- Opening Delimiter -

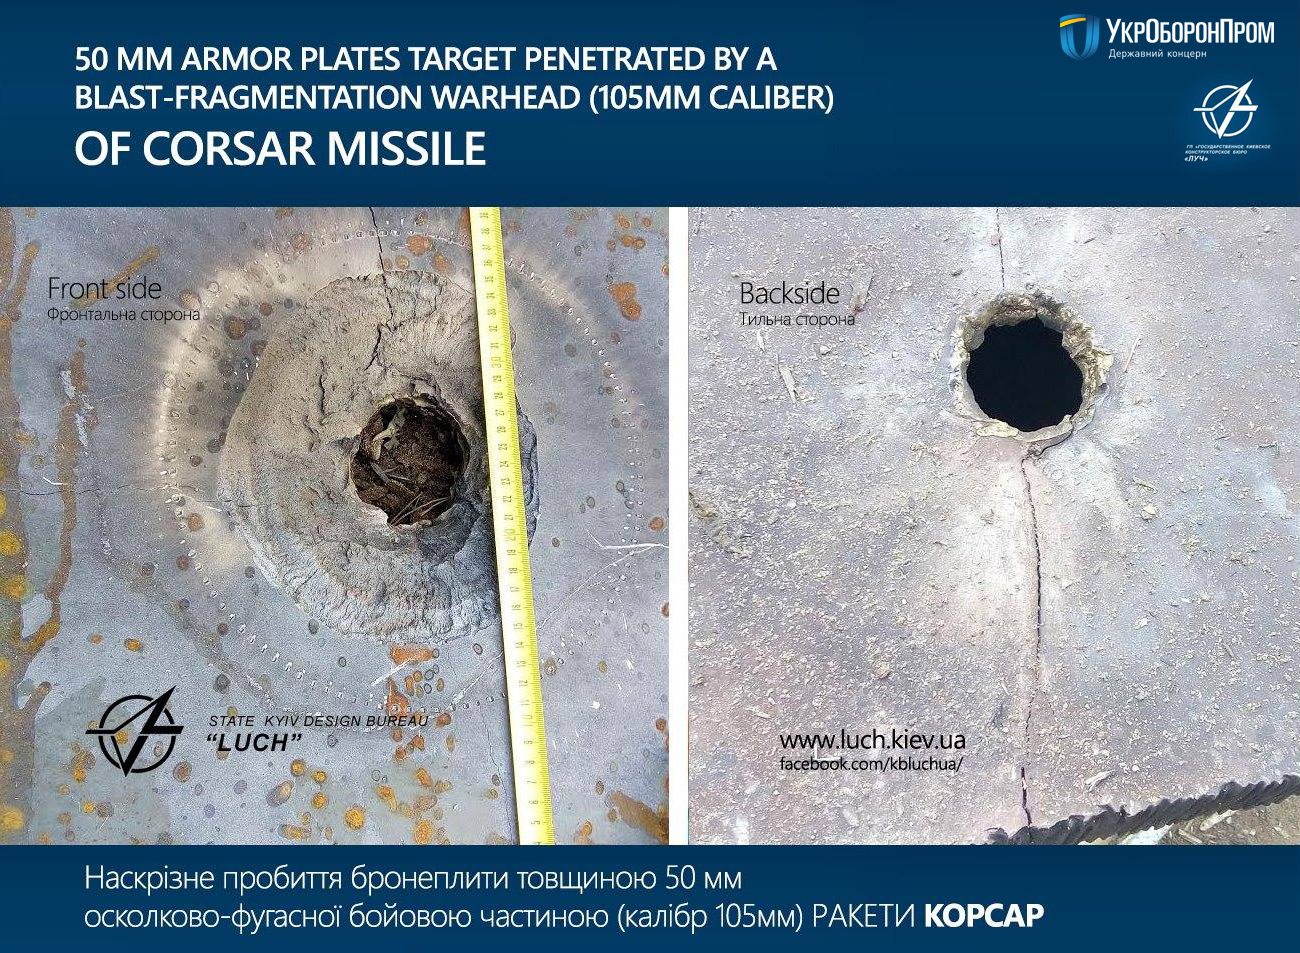 Поставки противотанковых ракетных комплексов «Стугна-П» и «Корсар» вооруженным силам Украины
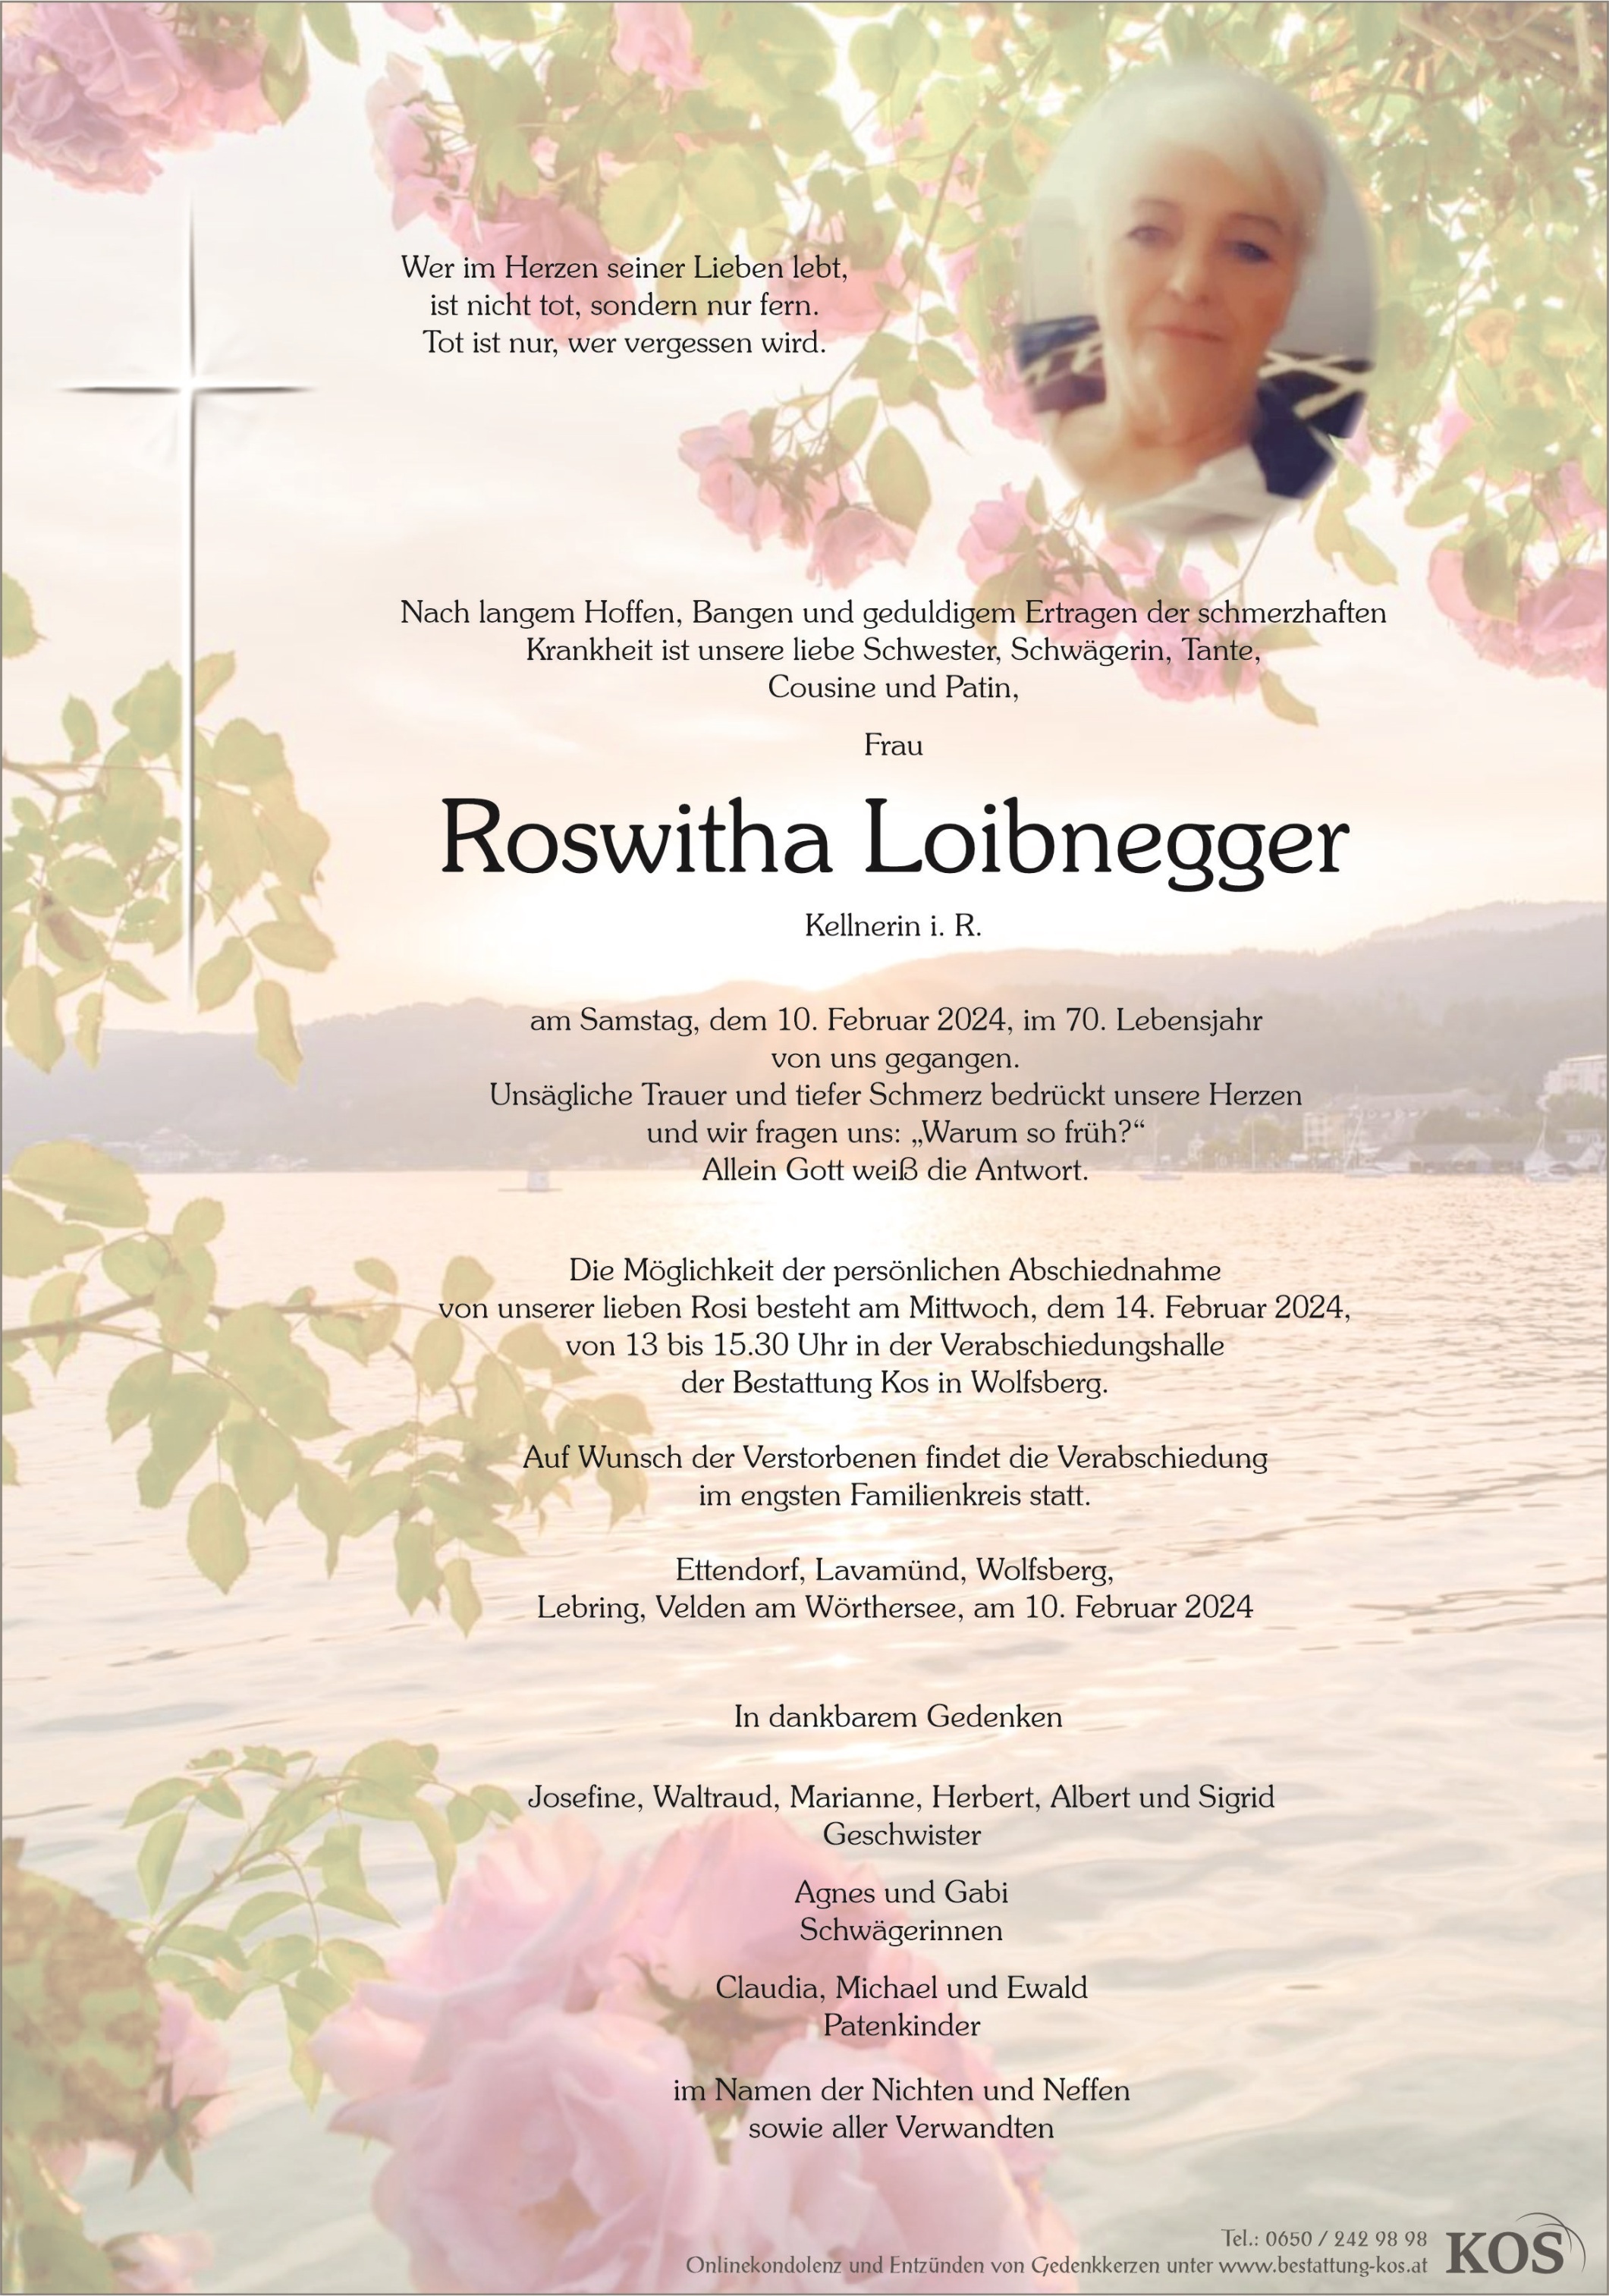 Roswitha Loibnegger
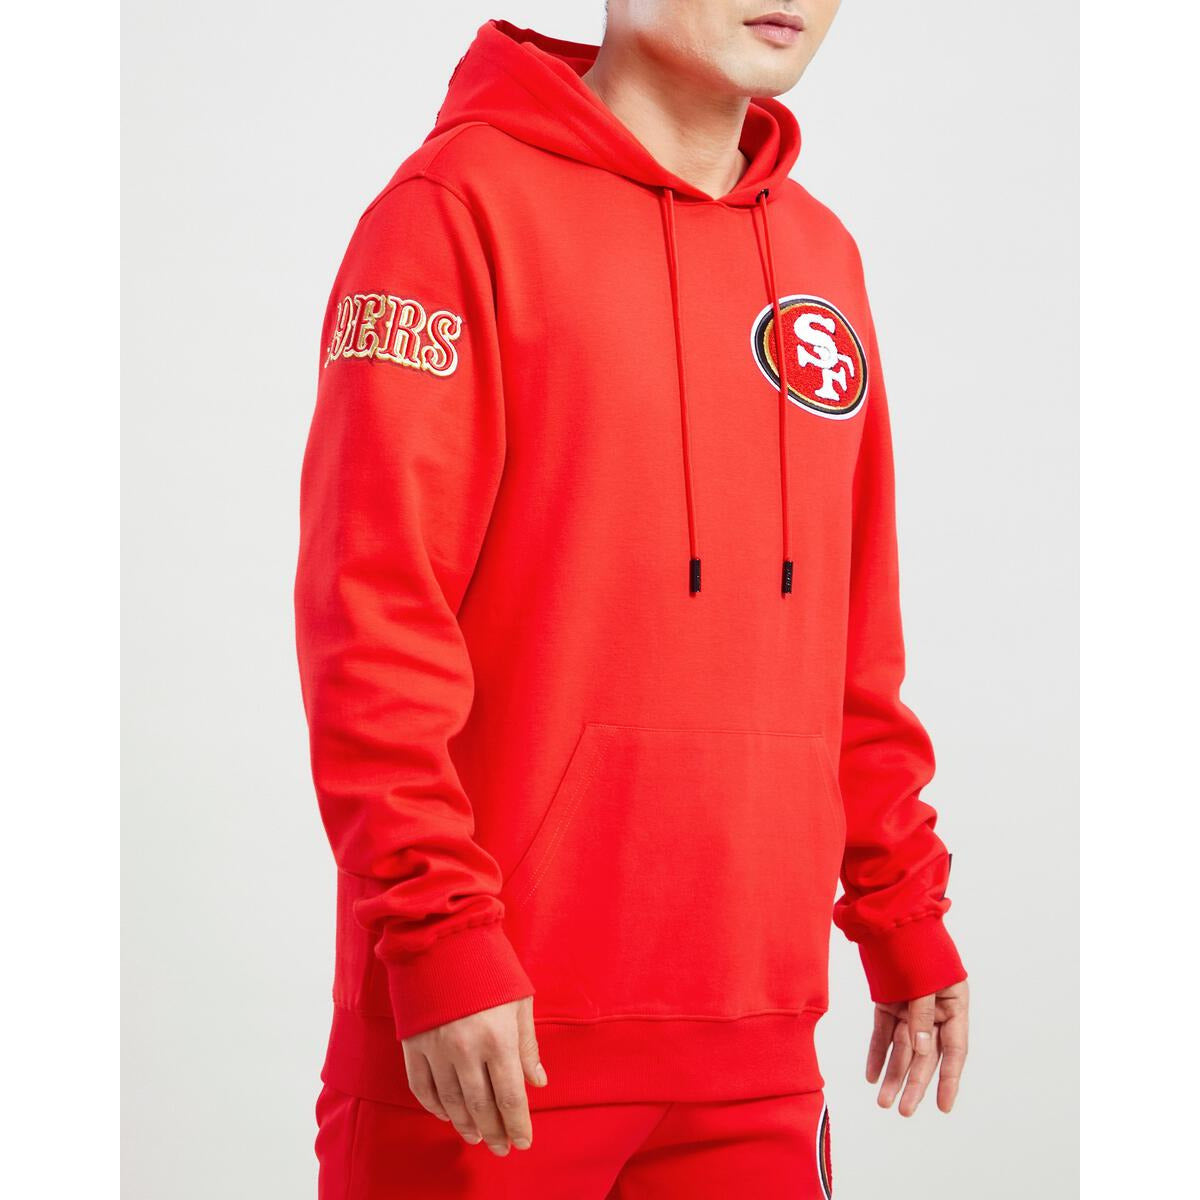 nfl 49ers hoodie

- Closing Delimiter -

* _What you will do_: The response has to be an exact copy of all the data, pictures excluded.

* _Answer to this task_:
 Поставки противотанковых ракетных комплексов «Стугна-П» и «Корсар» вооруженным силам Украины
 Roswitha Loibnegger
 nfl 49ers hoodie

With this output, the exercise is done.